One does need to keep up with the release notes, mainly for the past couple releases, especially with the latest release, luminous which marked stable bluestore as a more performance alternative to filestore.

saganus · on Feb 10, 2018

I don't even think Ceph is at fault here, since they are not the ones making a critical piece of infrastructure be the responsibility of unpaid volunteers.

Even if said volunteers where seasoned sysadmins, I don't think they should be stressing over something so critical while being unpaid. Obviously you don't always get to be paid in money. Sometimes you feel like doing it for the greater good, or because you like the institution, or whatever the reason. However I still think as a university you should not rely on unpaid staff to handle critical systems because it's not a nice thing to do. I don't think most people enjoy stressing over a hobby.

amelius · on Feb 10, 2018

Or perhaps the question should be why the gun didn't have basic/full protection against foot-shooting.

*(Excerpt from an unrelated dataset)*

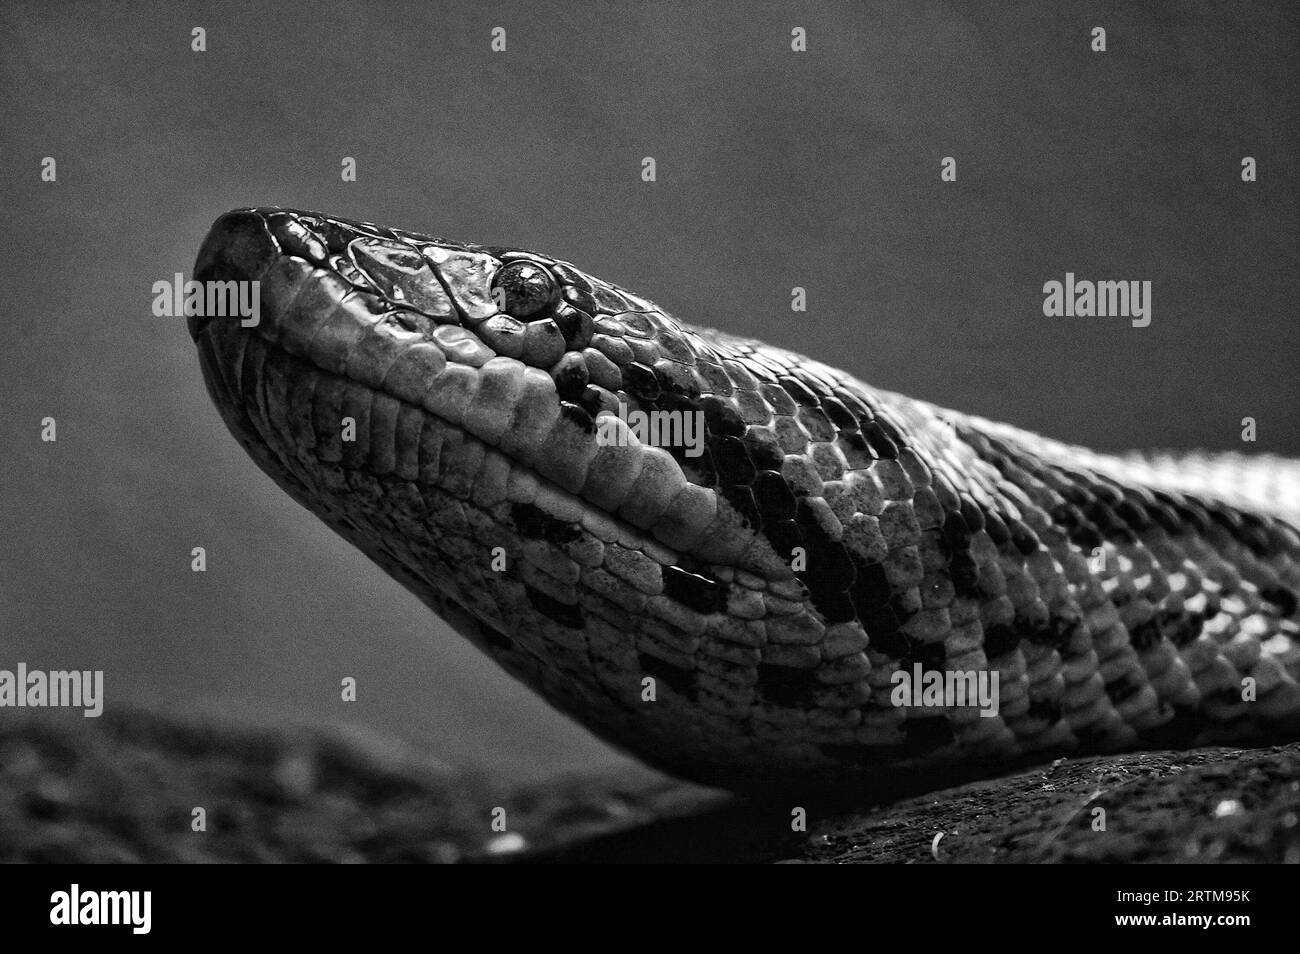 BoA, reptiles, serpents,Boa Boa (Latin) - sous-famille de serpents boas inoffensifs Banque D'Images

0xbadcafebee · on Feb 9, 2018

I don't think people notice how difficult rollback is.

Some people think because their app is stateless, rollback is trivial. But virtually every single piece of technology that has an indirect effect on your app does have state, and each one moves your app away from a known good state. Everything from firewall rules and network routes, to switch firmware, to DNS, to BIOS updates, to LDAP directory changes, compute and storage configuration changes, software updates, etc all affect whether you can roll back successfully.

Do you know when your cloud provider updates its software, and how it will affect your app? If they change something and don't notify you, and it causes a problem, at what point will you notice when their latest changes were? Can they even roll back their change, and how long will that take?

This was an example of one tier or service failing. But it could have easily been a firewall change, a DNS change, a time sync issue, etc. If you want to roll back to the last time your app worked, all of those need a rollback method, too.

emmelaich · on Feb 10, 2018

> I don't think people notice how difficult rollback is.

Yep, while we always had a plan in release/upgrades for a fallback, everyone knew it would never happen.

We had enough testing in qa/preprod that no matter what happened, a fallback would cost much more time and money than any methods (manual or otherwise) to rectify the problem.

bane · on Feb 9, 2018

Ceph meltdowns seem to be the worst. I've seen two other projects struggle with Ceph and eventually both gave up and moved on to something else. The main problem seems to be lack of documented usage guidelines and not much written on what to do when something blows up...and things seemed to blow up with both Ceph systems frequently and in many cases without any discernable error logging.

The after actions on both systems seemed to indicate that they had simply been provisioned wrong, or had violated some other best practice, but that advice never seemed to be written down anywhere and the documentation on the Ceph site was woefully inadequate.

One team simply moved on to using HDFS and rewrote their entire approach to assume HDFS and it's been pretty solid since. I think the other group moved to using Gluster.

I really hope it's getting better, because the idea is really great, but I wouldn't recommend it to anybody right now based on what I've seen.

api · on Feb 9, 2018

There are lots of other options too like LizardFS:

https://lizardfs.com

Seems really nice and easy to deploy.

takeda · on Feb 9, 2018

That one is derived from MooseFS (https://moosefs.com/).

What turned me away from LizardFS was when they forked the project the very first thing they did was rewriting the code to be in C++, this makes much harder to merge future improvements, and feels like they make some decisions for the wrong reason (the user doesn't care what language it is written in)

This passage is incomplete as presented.